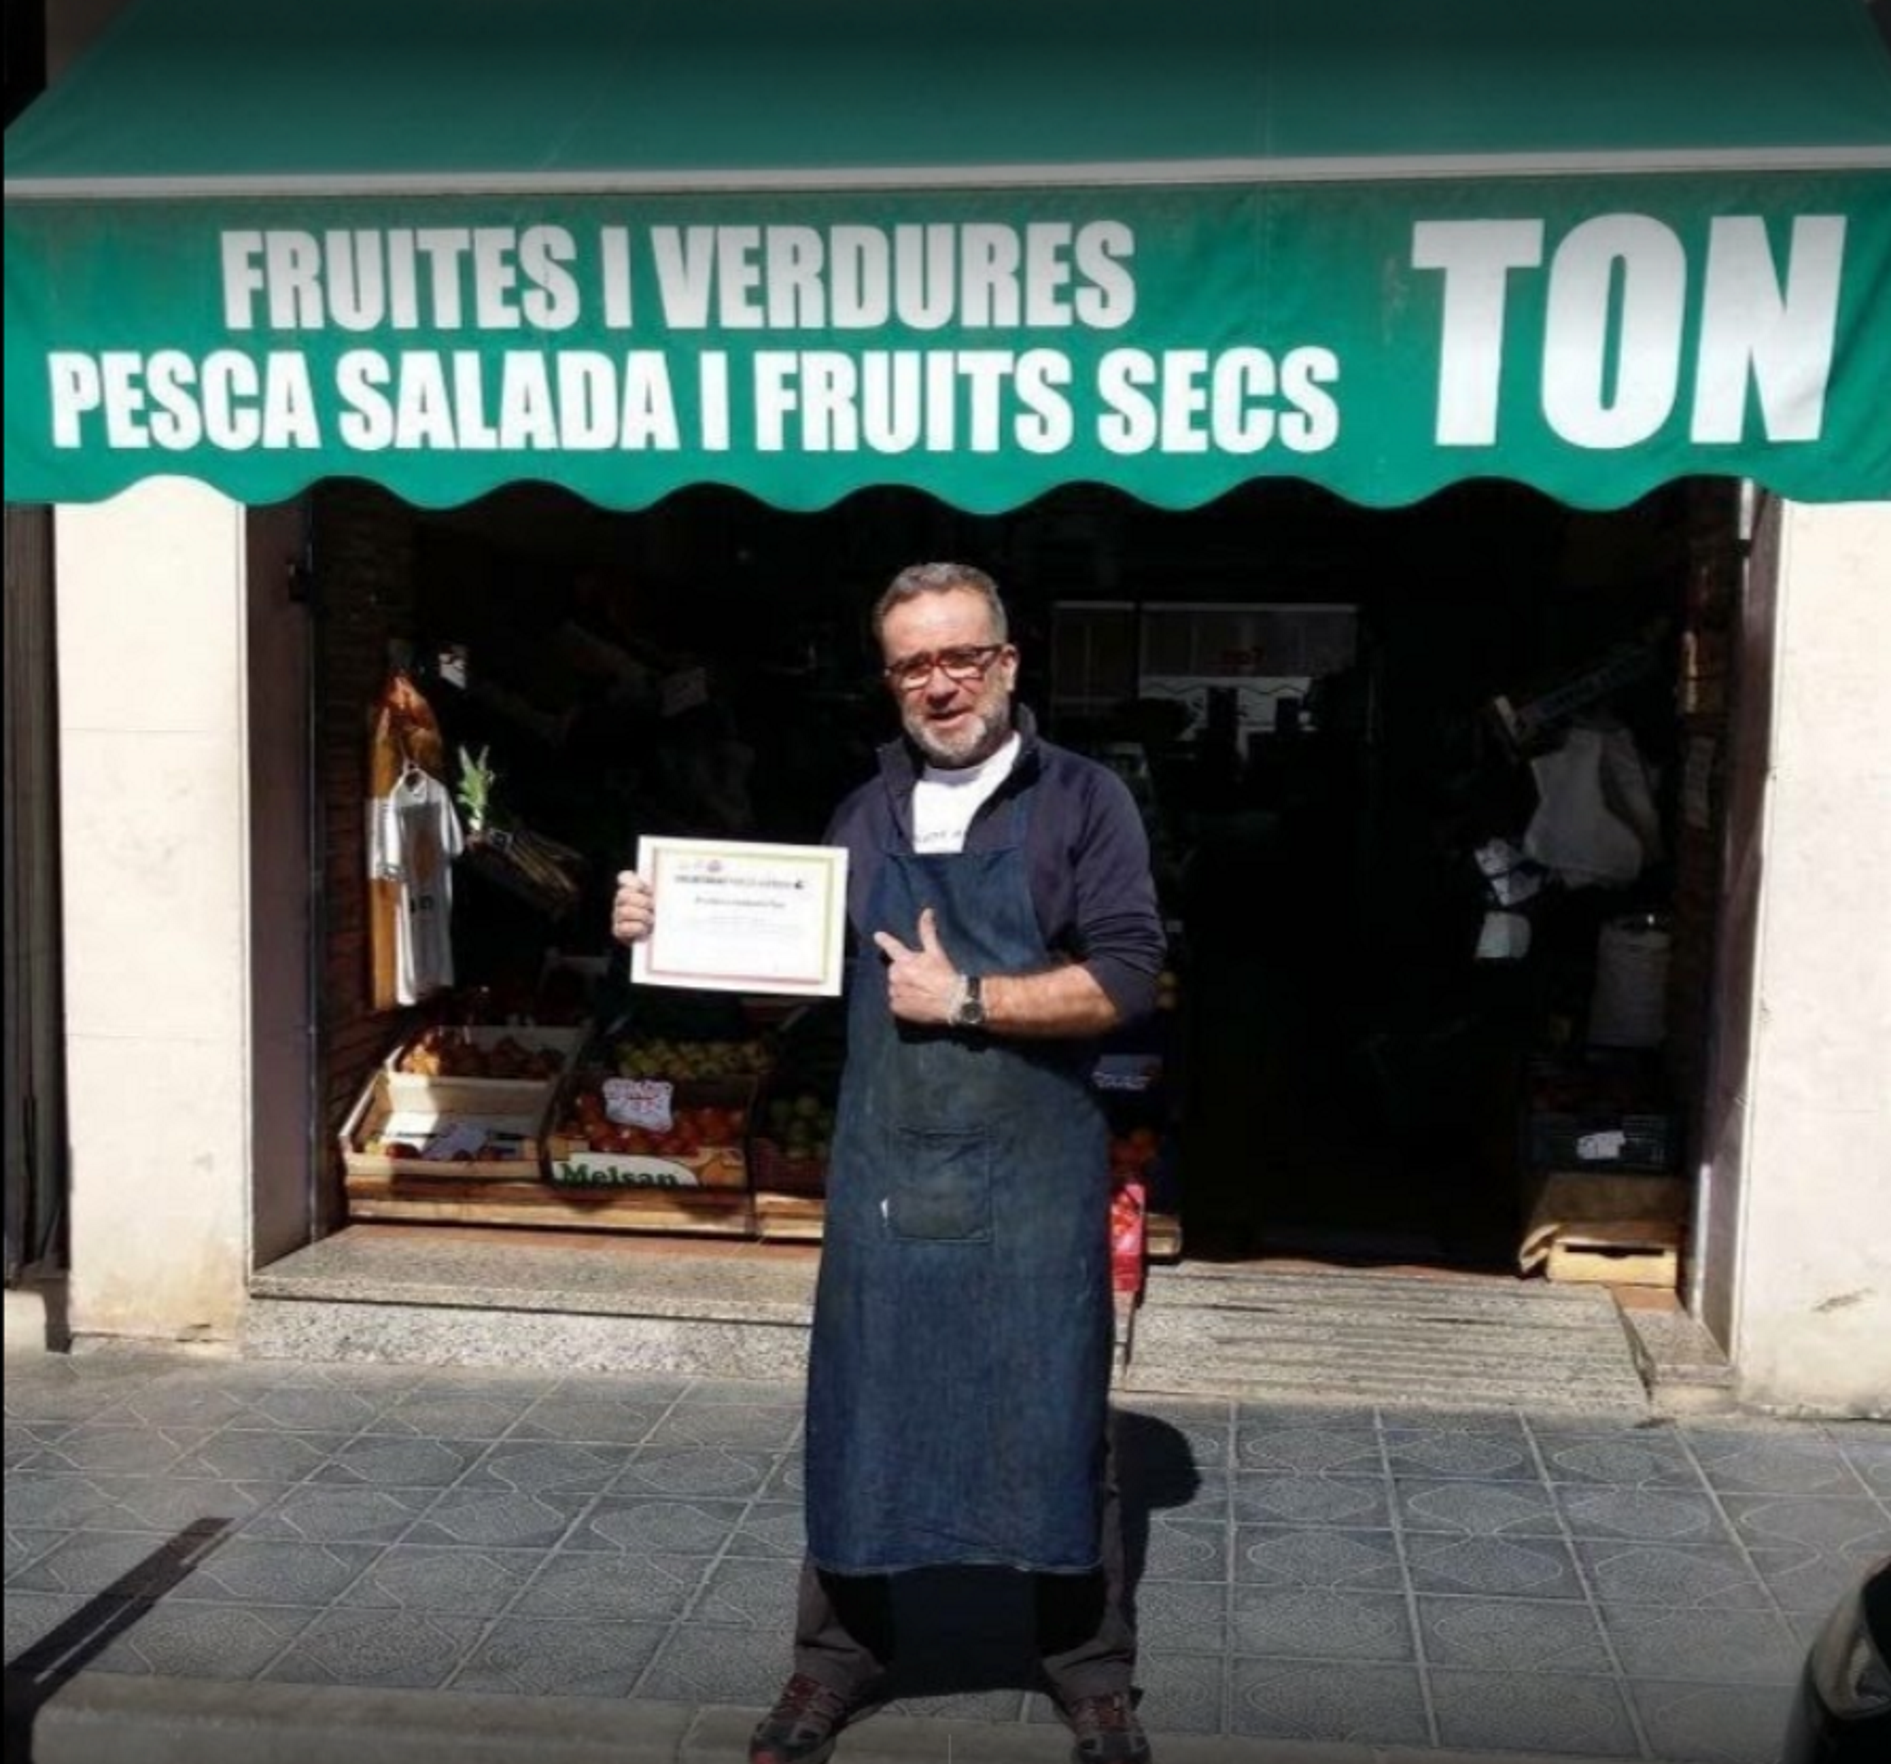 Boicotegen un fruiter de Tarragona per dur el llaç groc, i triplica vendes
--
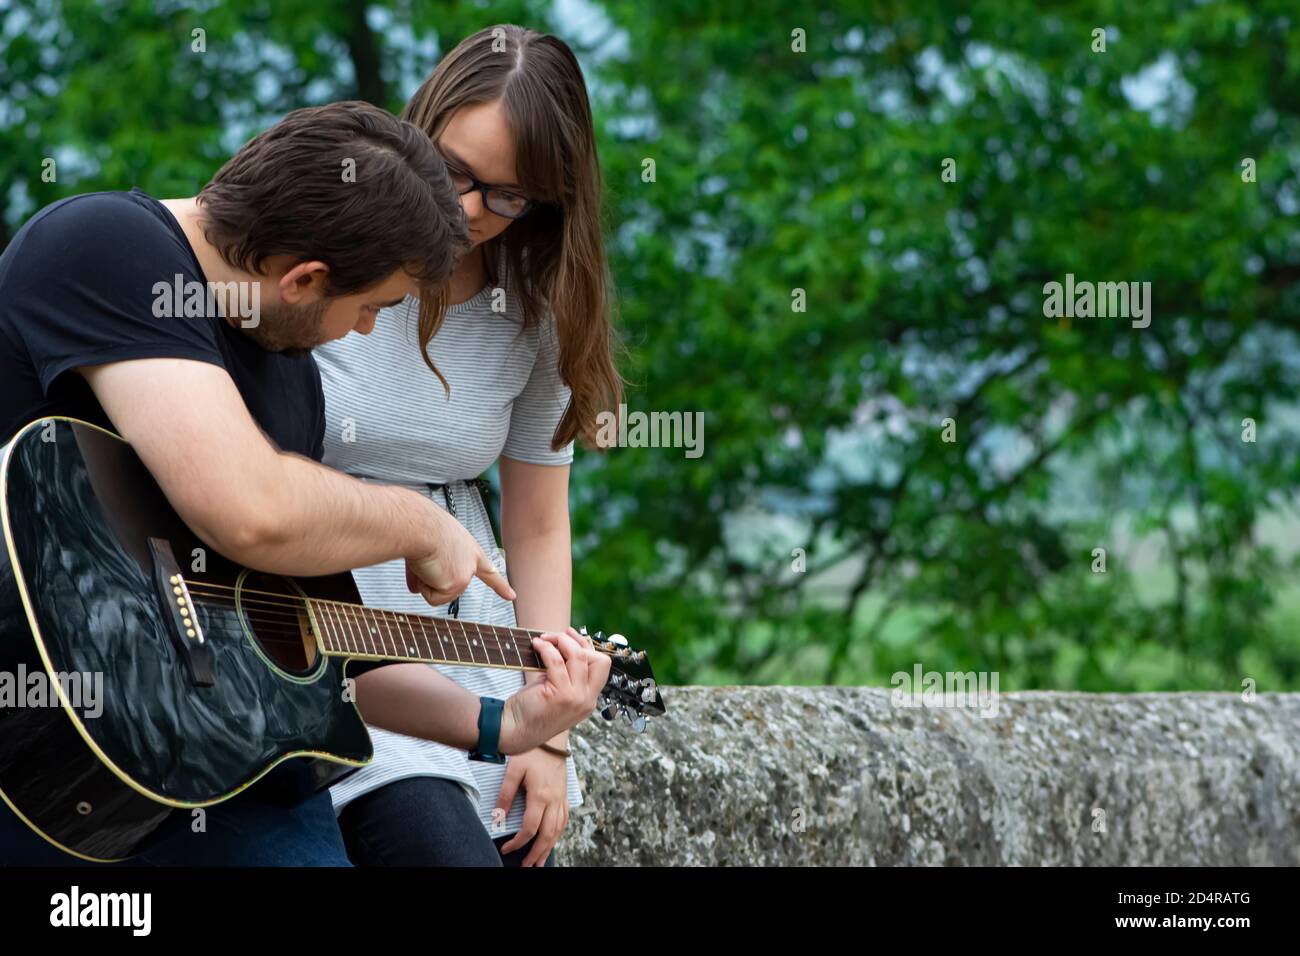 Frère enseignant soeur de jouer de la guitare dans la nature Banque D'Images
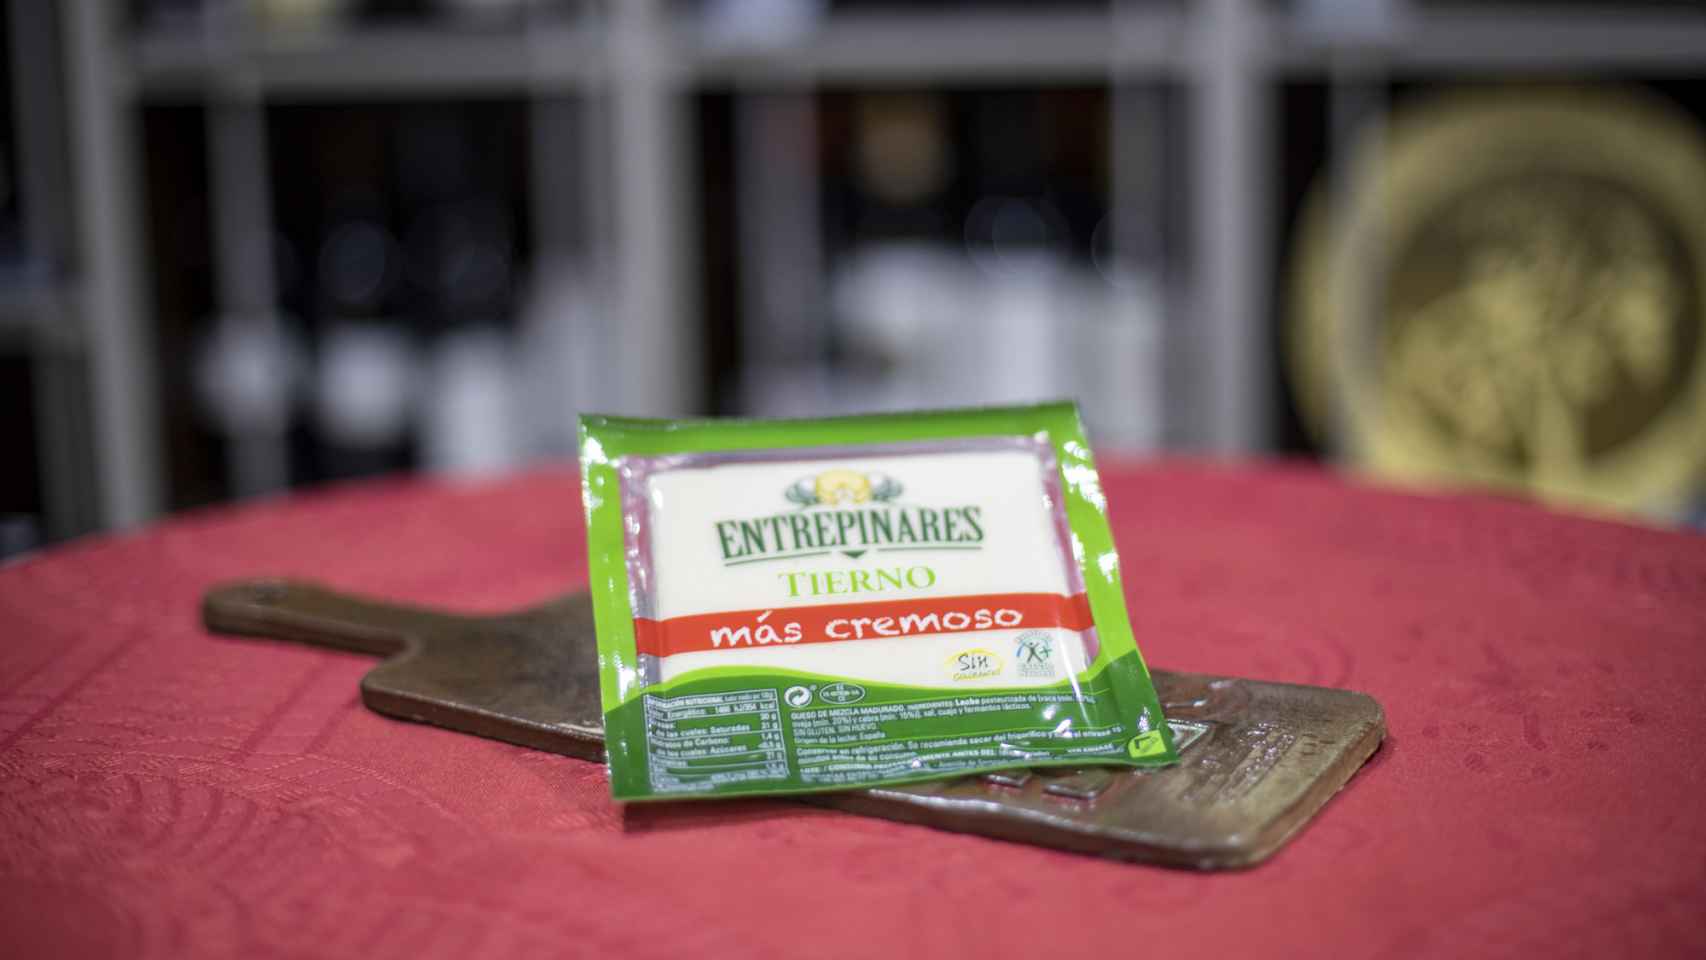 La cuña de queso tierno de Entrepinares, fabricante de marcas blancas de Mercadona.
--
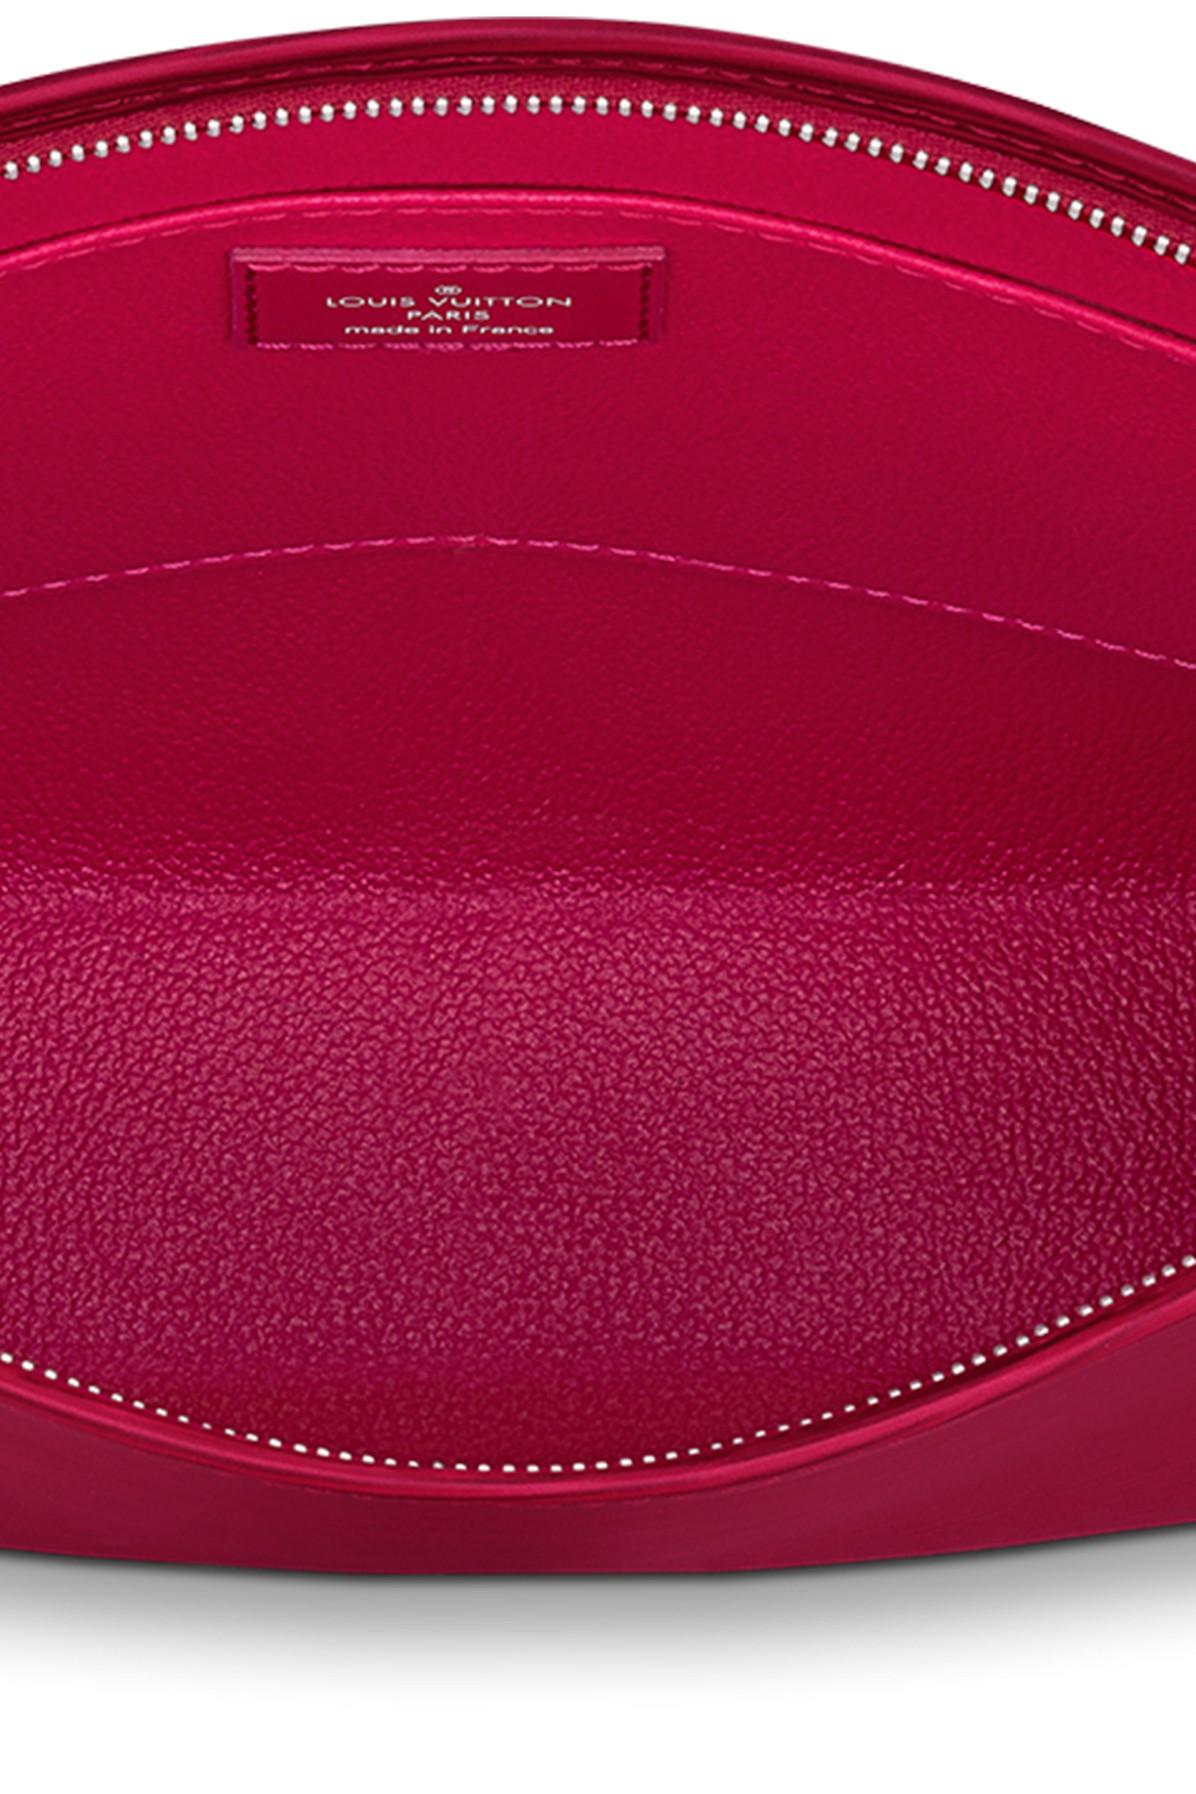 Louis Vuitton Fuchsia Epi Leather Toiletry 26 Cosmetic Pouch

▶ _Directions_:
The line holding "Frère enseignant soeur" starts the copy and the line holding "La cuña de queso" ends it. Repeat those two lines above and all between them exactly, leaving out pictures.

▶ _Response to this exercise_:
 Frère enseignant soeur de jouer de la guitare dans la nature Banque D'Images
 La cuña de queso tierno de Entrepinares, fabricante de marcas blancas de Mercadona.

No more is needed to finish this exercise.